Tuesday, September 29, 2009
Bought for $2 at a yard sale, I liked the visibility of its bright yellow, but everytime I saw my reflection, it looked like I had a yellow bucket over my head, so I discarded it in favor of a $10 helmet subsidized by my employer (of course with company logo). Left it one day on a bus; never seen again (that's it on my bike in the commuter train on the right)
Then a nice white helmet belonging to my son who is now a subway commuter. But I figured he'd need it again some day and wouldn't appreciate a few years of my sweat. So I went to REI (not always my favorite bike store--that's another post--but on my way home), and found a not so visible but adequate black helmet. Maybe if I attached a light on the back.
Saturday, September 26, 2009
Thursday, September 24, 2009
Tuesday, September 22, 2009
Today Seattle, tomorrow Boise and dopodomani the world. Congratulations to Pamela Braden, mild mannered gifted education teacher, who has abandoned her car in favor of a bicycle for her 6 mile commute. Click on the title for a link to BSU's commuter cycling advise.
Saturday, September 19, 2009
A long day. Up at 5am to catch the 5:30 but it was inexplicably on "divert," so I had to wait for the 6:00. Finally left the hospital at 8:40pm, arriving at bus stop (a major terminal) around 8:50, bus due at 9. There's another cyclist who's looking a schedules, so he might be waiting for my bus, or another, who knows. If the bus arrives with an empty bike rack, there will be room for both of us. If there is one bike already on, then only one of us will make it. Assuming the latter scenario, I have three choices:
1. Bus arrives; I gesture to him to load his bike since he has been waiting longer than me. I'll wait for the 9:30.
2. I stand close to where the bus will stop thereby establishing myself at the "front of the line."
3. I ride upstream to catch the bus at an earlier stop, avoiding a potential confrontation but the moral question remains.
What do you think I did?
Tuesday, September 15, 2009
Quick, which invention of the past 50 years has made the most impact on your life?
Personal computer, anti-lock brakes, cell phone, wide-body tennis racket, digital camera, waterbed?
Easy answer for me: bus bicycle rack. Originated in 1970's in Seattle, now in 400 transit systems.

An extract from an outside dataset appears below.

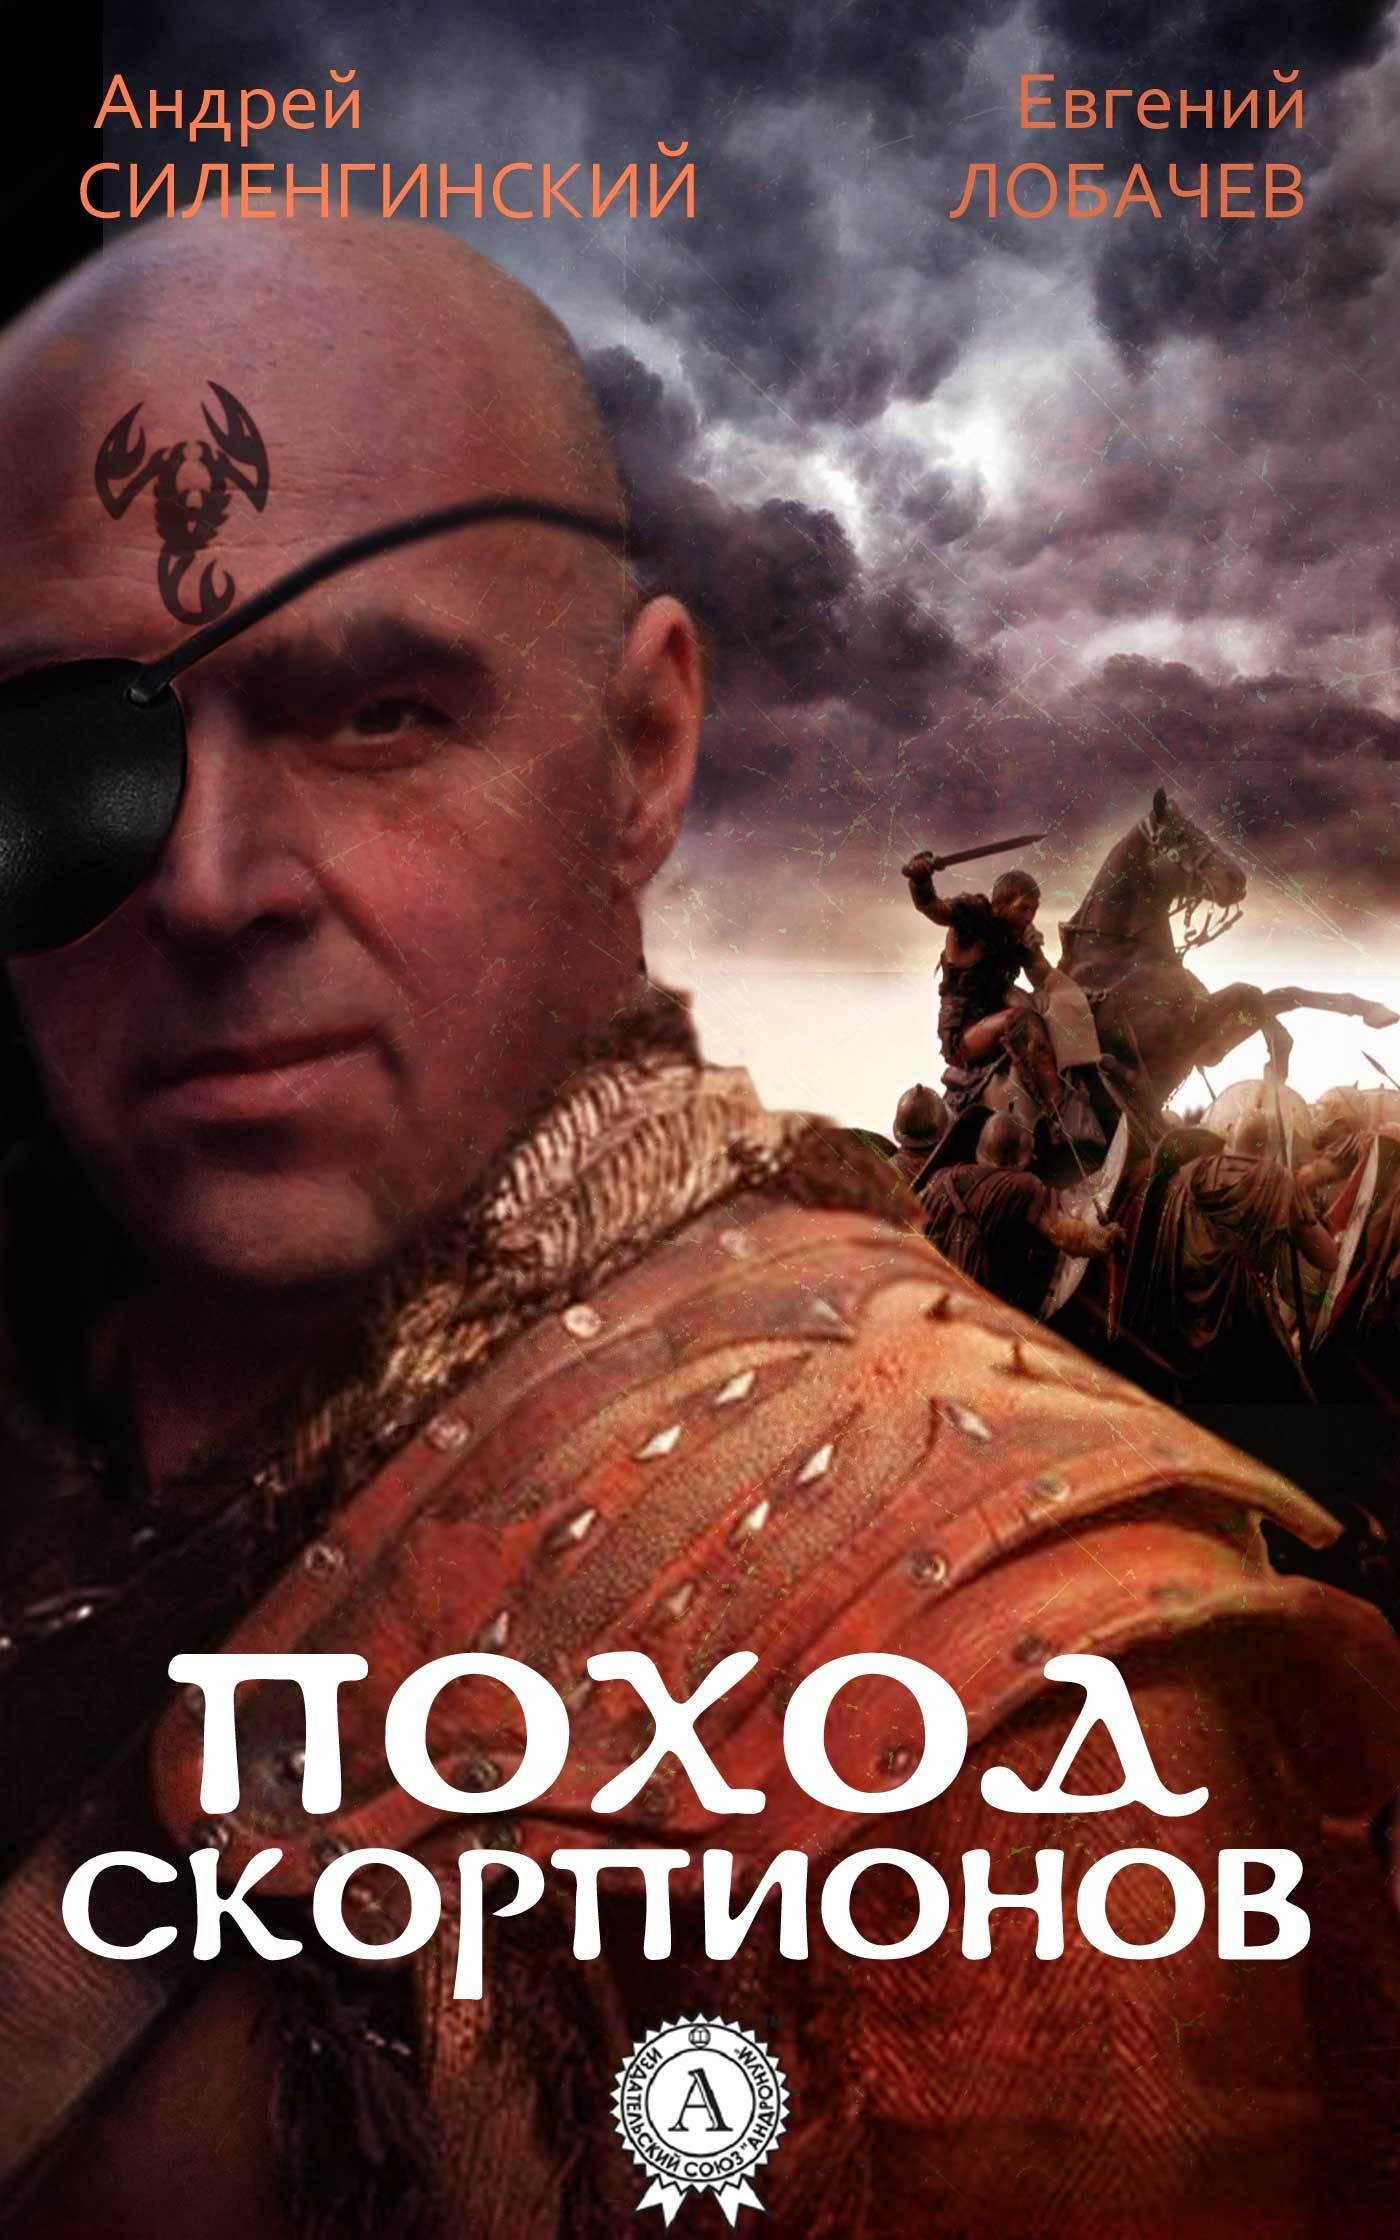 Андрей Силенгинский Поход скорпионов

But what happens when a bus rolls up and the rack is full? I peddle downstream to a relatively safe bus stop and leave my bike locked up for the day or night. It helps that I don't have an expensive bike and that it only happens a couple times a year (less often now with newer racks that carry 3 bikes). Though it is with mixed reaction that I meet new commuter cyclists: fellow travelers? or competitors for an increasingly scarce resource?
Saturday, September 12, 2009
Click on the title to read this NPR report on the 28,000 NYC bicycle commuters who face the same problems we all do:
Safety (mainly from cars but also from other cyclists, road hazards, etc.)
Security (will my bicycle still be there when I come back)
Sweat (if I don't have a shower at work....)
Monday, September 7, 2009
To everything there is a season. We have abruptly entered the time of rain and darkness. Friday it was dark when I left and dark when I got home. And raining the past two days. Somewhere in the garage there's a fender I should put on. And my front light. I think know where that is. As for clothes: "There is no such thing as bad weather, only bad clothing." (a Norwegian saying). I do have good rain gear. I'm ready--bring it on.
Thursday, September 3, 2009
Waiting for the traffic to clear so I can make a left turn. An oncoming care turns right without signalling. I'm annoyed; with a signal I could have turned in front of him--I need to get to the office--I have a lot of work to do! So he turns and I turn, following him. Then again without a signal he makes a u-turn, forcing me to make a sudden stop. I start up and and ride in front of him so he has to stop. I pull up on his right side and rap on the passenger window. He doesn't roll down the window as I expect, instead he gets out of the car. He must be 6-6 with a shaved head, looking like he got lost on the way to the Seahawks training camp. He's about to say something, when I calmly inform him that one of his signal lights must not be working. Surprised, he looks down at the front of his car. I ride away, rather quickly, turning the corner and ducking into the office parking garage. I'll think twice before doing something like that again.